As a bibliphile I miss the almost total lack of fellow book lovers in the movies. Sure books are sometimes part of the plot, but usually they are a means to an end to obtain some specific knowledge to move the plot. The actual love of reading just doesn’t come through in the movies I have seen.
Well that was until I recently watched “Whispers of the Heart” which was directed by the late Yoshifumi Kondô. I was already a fan of him for his work in animation for Studio Ghibli and this is the only movie he directed for them. I had never heard of this film until it was recently mentioned by Stephen D. Greydanus at DecentFilms.com. I loved just about everything about this movie.
A young girl finds that all the books she chooses in the library have been previously checked out by the same boy
Finally I found a movie that has some sense of the love of books that I have. The girl Shizuku spends so much time reading and haunting libraries. Her excessive reading even interferes with her schoolwork. I reminded myself when I had even skipped classes in High School so that I could just go somewhere and read. Usually it is assumed that just being bookish will make you a great student. There is also a love of books within her family and I just loved all the books stacked everywhere in their house.

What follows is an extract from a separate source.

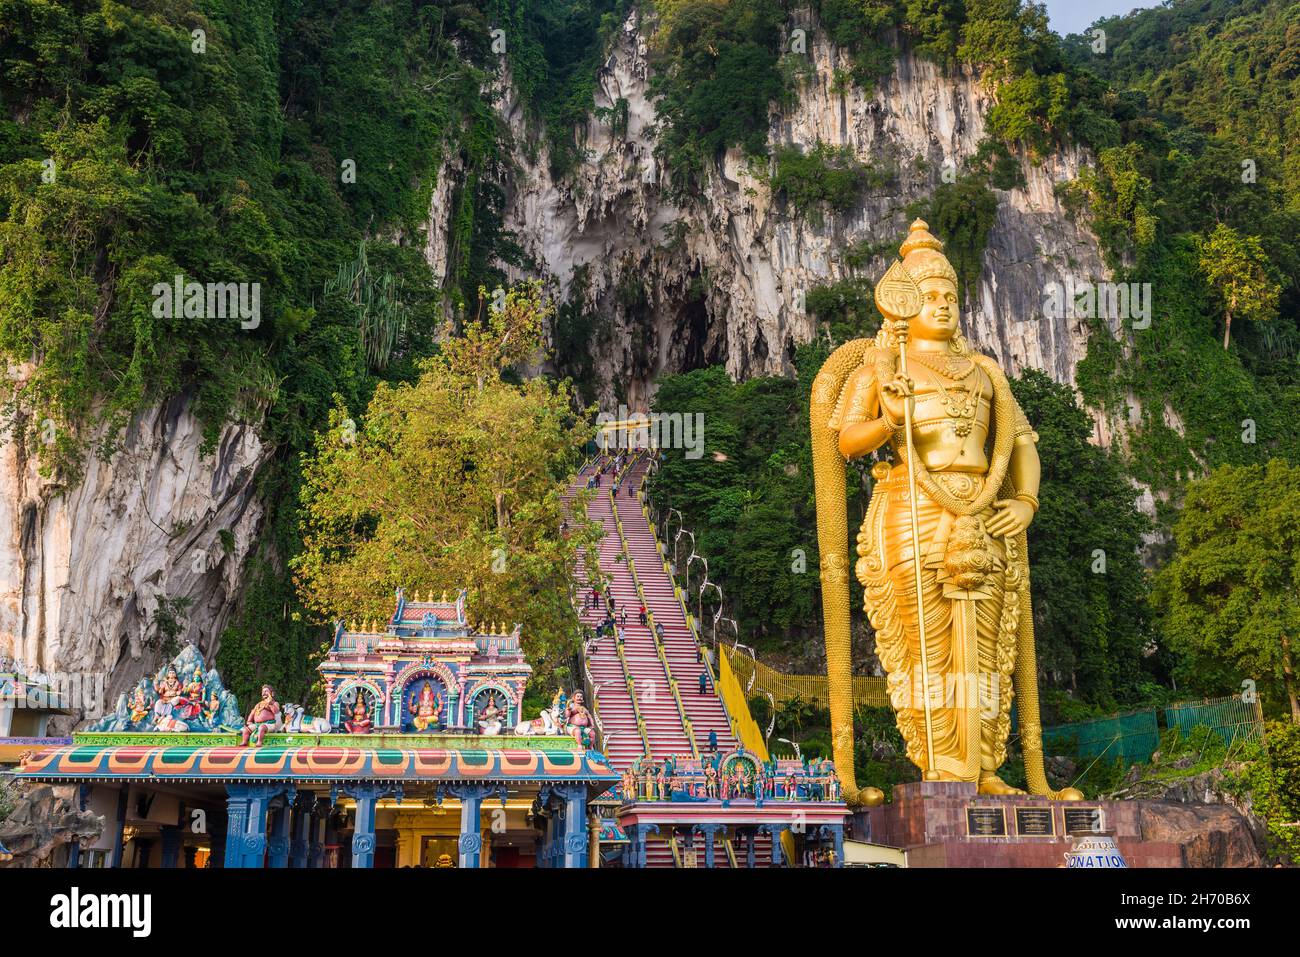 Selangor, Malaysia, 09 Aug 2015: Statue of Murugan the Hindu God of war and victory at Batu Caves. Stock Photo
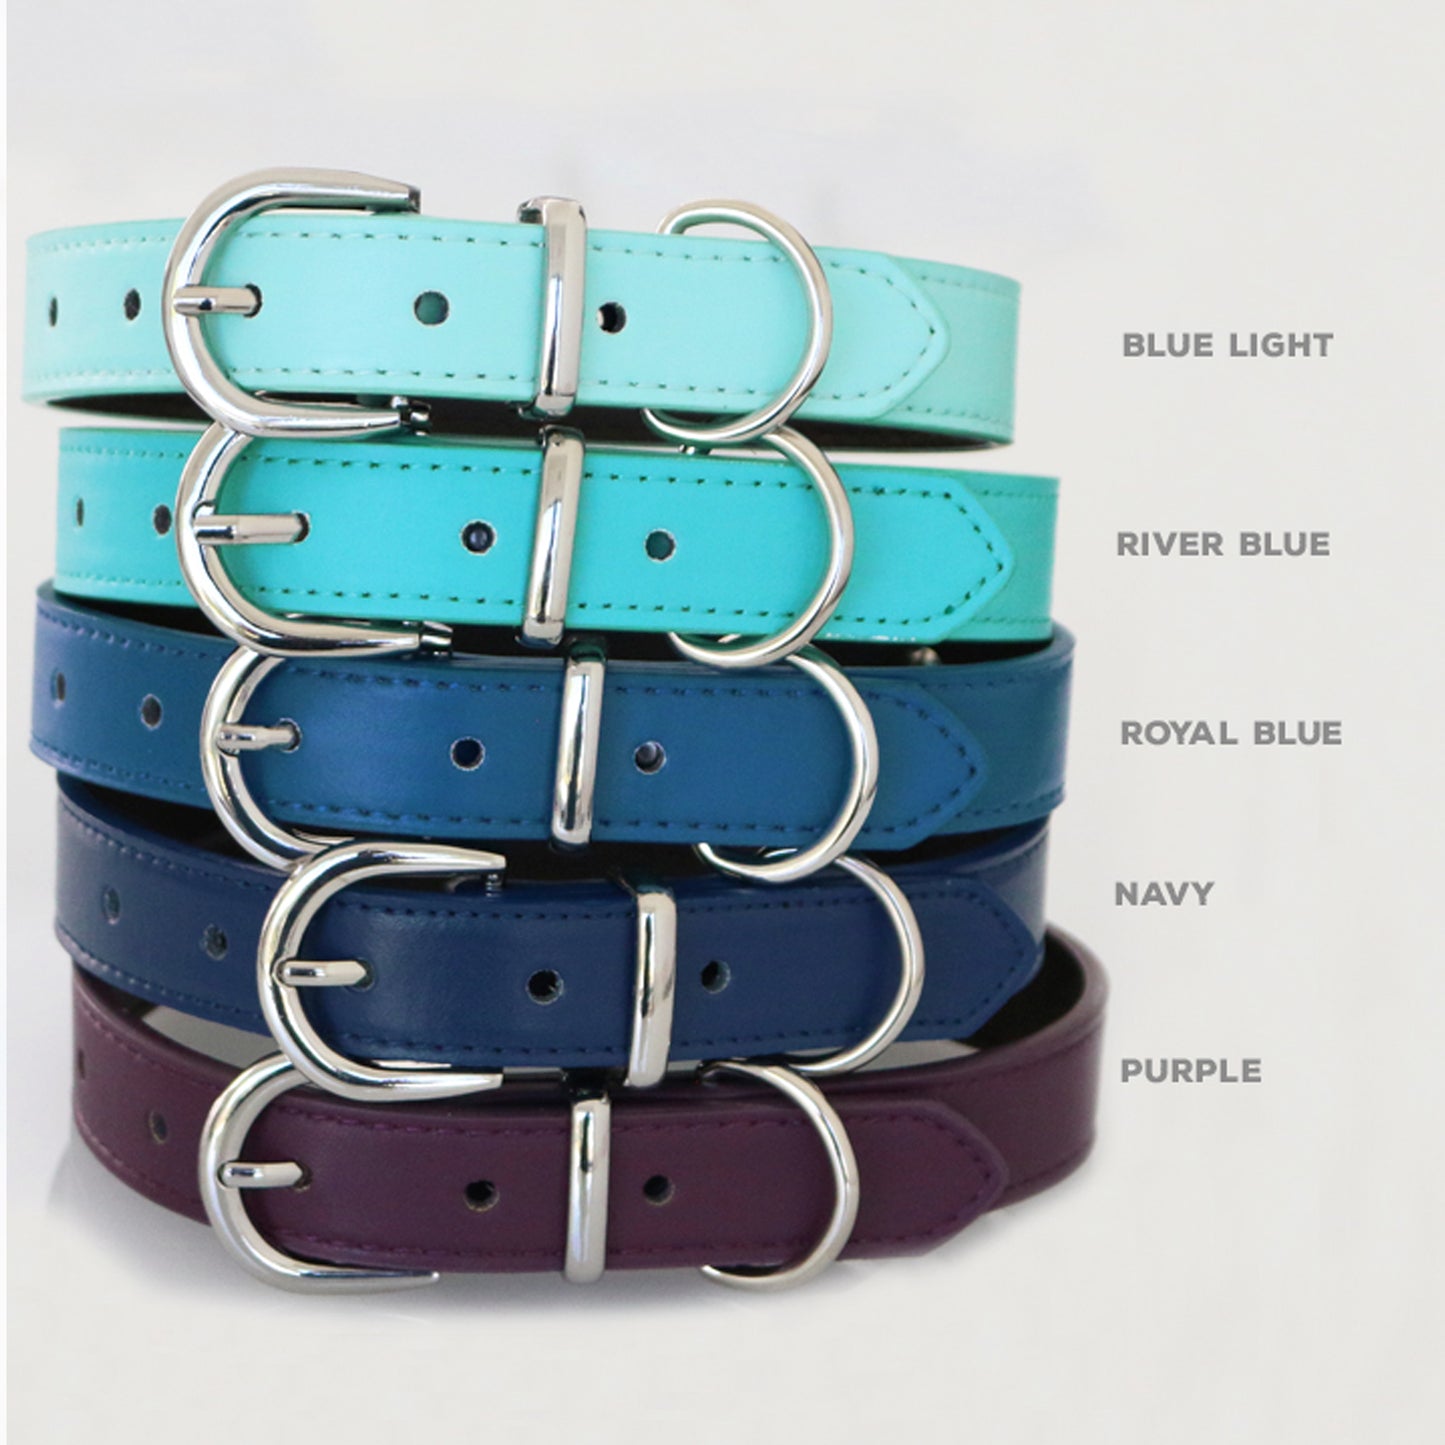 Soft Pink Dog Bow Tie Collar - Dog accessory- Leather dog collar , Wedding dog collar

The basic plot also reminded me of the days before computerized tracking of library books that the checkout card in the back of the book would list the people who checked it out before. It was fun to look over those names of strangers and have a strange solidarity with them.
Even considering the high quality of animation for Studio Ghibli, I found this movie exceptional in the detail like in the earlier days of Disney. Often I wanted to pause the film just to be able to look around the scene and take it all in. As much as I love computer animation and the quality of Pixar, this movie reminded me that it is a real loss that animation of this type is becoming rare.
There is one scene involving Shizuku, an aspiring writer, who gets an explanation from a grandfatherly figure about the craft of writing using the example of a geode. This was just a perfect though-provoking example and an example that applies to other crafts. There was a “follow your dreams” subplot to the story that wasn’t superficial like we usually find in that serious commitment was required in perfecting your art. This applies both to the girl and the boy who was reading the same books.
I really wish I had the skills of a film critic to really be able to point out all the reasons I so loved this movie. So much of this movie is trying to struggle out of me to find expression.